Раньше жулики сочетали свое нечистое искусство с своеобразным благородством и сочувствием: ценности заберут, а ненужное подкинут обокраденной жертве, а то и непосредственно к отделению милиции доставят. Сейчас родная земля наполнилась чужаками без роду, без племени, хлынувшими разбойничать на бесхозных бескрайних просторах. Все для них тут не свое, ненавистное, никого им не жаль, за десятку зарезать готовы, и душа их не дрогнет, и покаяния не дождешься, потому что мы для них всего лишь добыча бессловесная на охоте, как белка или заяц: покричит-покричит перед смертью, затихнет – и можно шкуру обдирать, радуясь удаче.
На вокзальной площади происходило светопреставление. Смугломордые чужаки несли свою тарабарщину, вопили зазывно исконно-посконные российские цыганки с цыганятами, обещая сказать судьбу и требуя подать деткам на кусочек сухаря. И над всем этим нечистым разноцветьем – куполом высился незатейливый, но доходчивый русский мат, до отвращения густо пропитанный похмельными испарениями. Жизнь кишела червями, как в выгребной яме. Казалось, спасу не будет от этой чумы.
Без всякой надежды продралась Елена Михайловна сквозь привокзальное похабство, держа курс на виднеющиеся издалека кресты храма. И – надо же! Не прошло и десяти минут, как станционные впечатления оказались напрочь забытыми, и нахлынула почти навеки почившая, почти утраченная радость бытия, охватила сумасшедшая вера в будущее счастье. Будто ничего еще и не начиналось. Будто все еще впереди.
Ах!

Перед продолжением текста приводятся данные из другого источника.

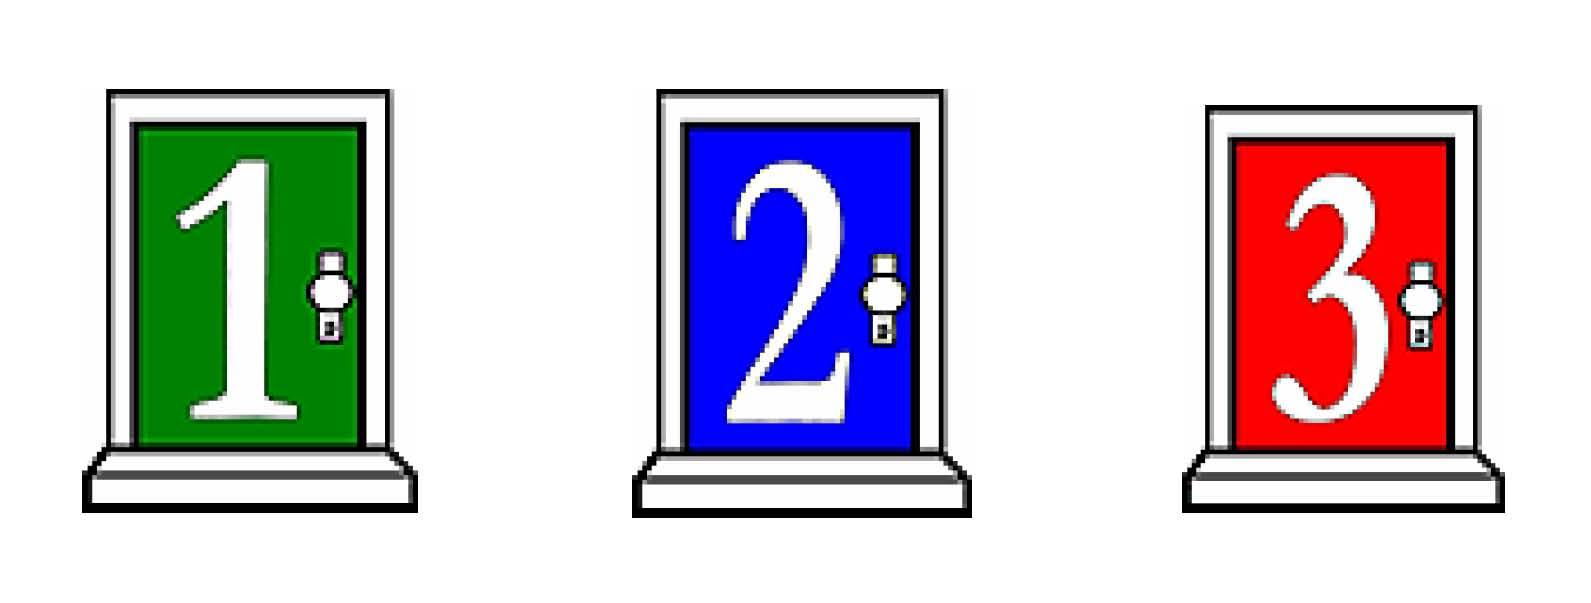 Door 1 clipart jpg black and white download What\'s Behind Door #3? | Teacher Professor jpg black and white download

Только ради этого ощущения, ради живой воды чувств стоило проделать такую дорогу.
Неведомо сколько простояла Елена Михайловна на мосточке у реки, надышалась ее русалочьим манящим запахом и нехотя опомнилась. Ее ждут. Возможно, уже обеспокоены отсутствием. Она достала из сумочки плотный листок, на котором красивым уверенным почерком обозначался адрес и схема передвижения к месту назначения. Музей народного бессмертия. Название какое-то немыслимое, хотя, поразмышляв, не придерешься – имя, так сказать, на все времена. И в пир, и в мир, и в добрые люди.

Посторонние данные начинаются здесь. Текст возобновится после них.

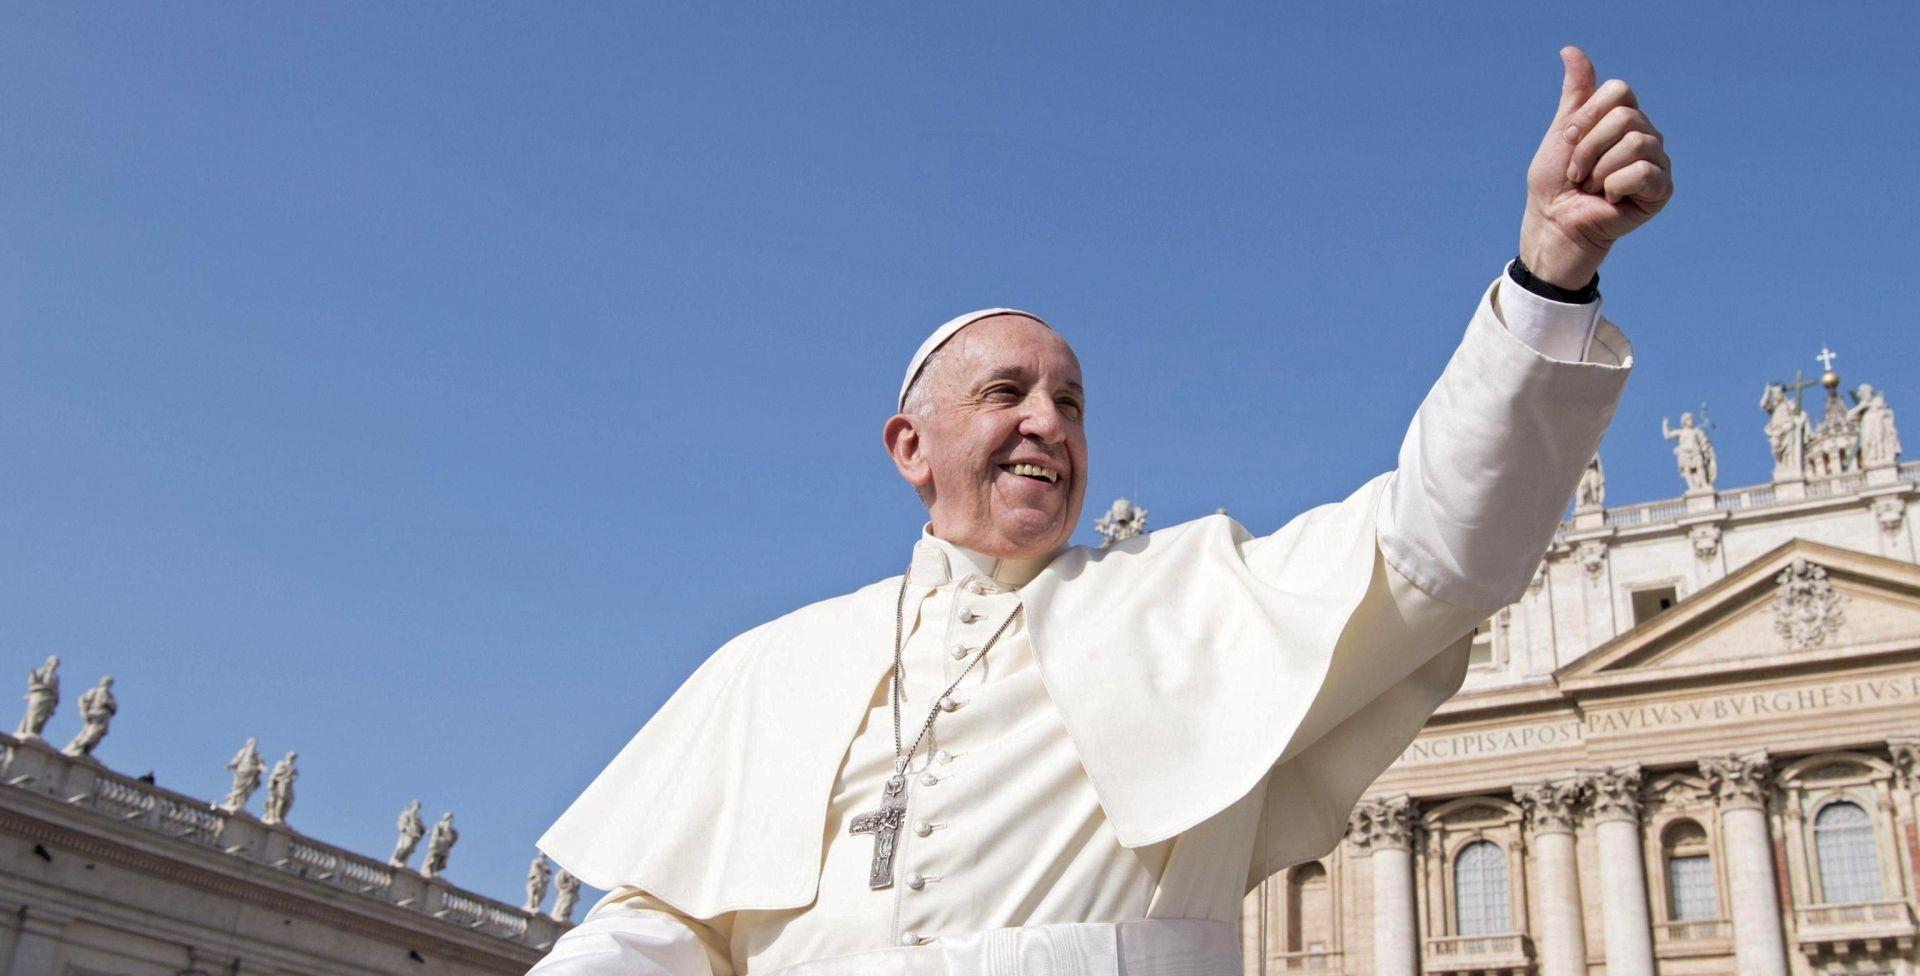 'SVETI DIM' Papa zabranio prodaju cigareta u Vatikanu

И верно – музей с этим самым названием продержался с момента основания в 1927 году (к десятилетию навеки нерушимой советской власти) последующие восемьдесят лет, пережив:
– агонию коллективизации;
– массовое истребление народа под видом врагов народа;
– тяготы Великой Отечественной войны с недолговременным даже занятием города вражескими полчищами;
– послевоенную разруху;
– новую волну истребления чудом оставшегося в живых народа под видом врагов народа;
– разоблачение свиноподобным лидером культа личности сыгравшего в ящик грозного тирана;
– нашествие кукурузы на среднерусские поля;
– «чувство глубокого удовлетворения» бровастого генсека, сместившего волюнтаристски беснующегося свиноподобного;
– парочку безвременно почивших, слишком поздно дорвавшихся до власти партийных старателей, не успевших поцарствовать всласть;
– ненароком сокрушившего несокрушимую и величавую державу ставропольца, по недомыслию и мягкотелости затеявшему самому непонятно что;
– лихого президента-алконоида, сварганившего беспримерный в многотрудной истории государства грабеж и распад.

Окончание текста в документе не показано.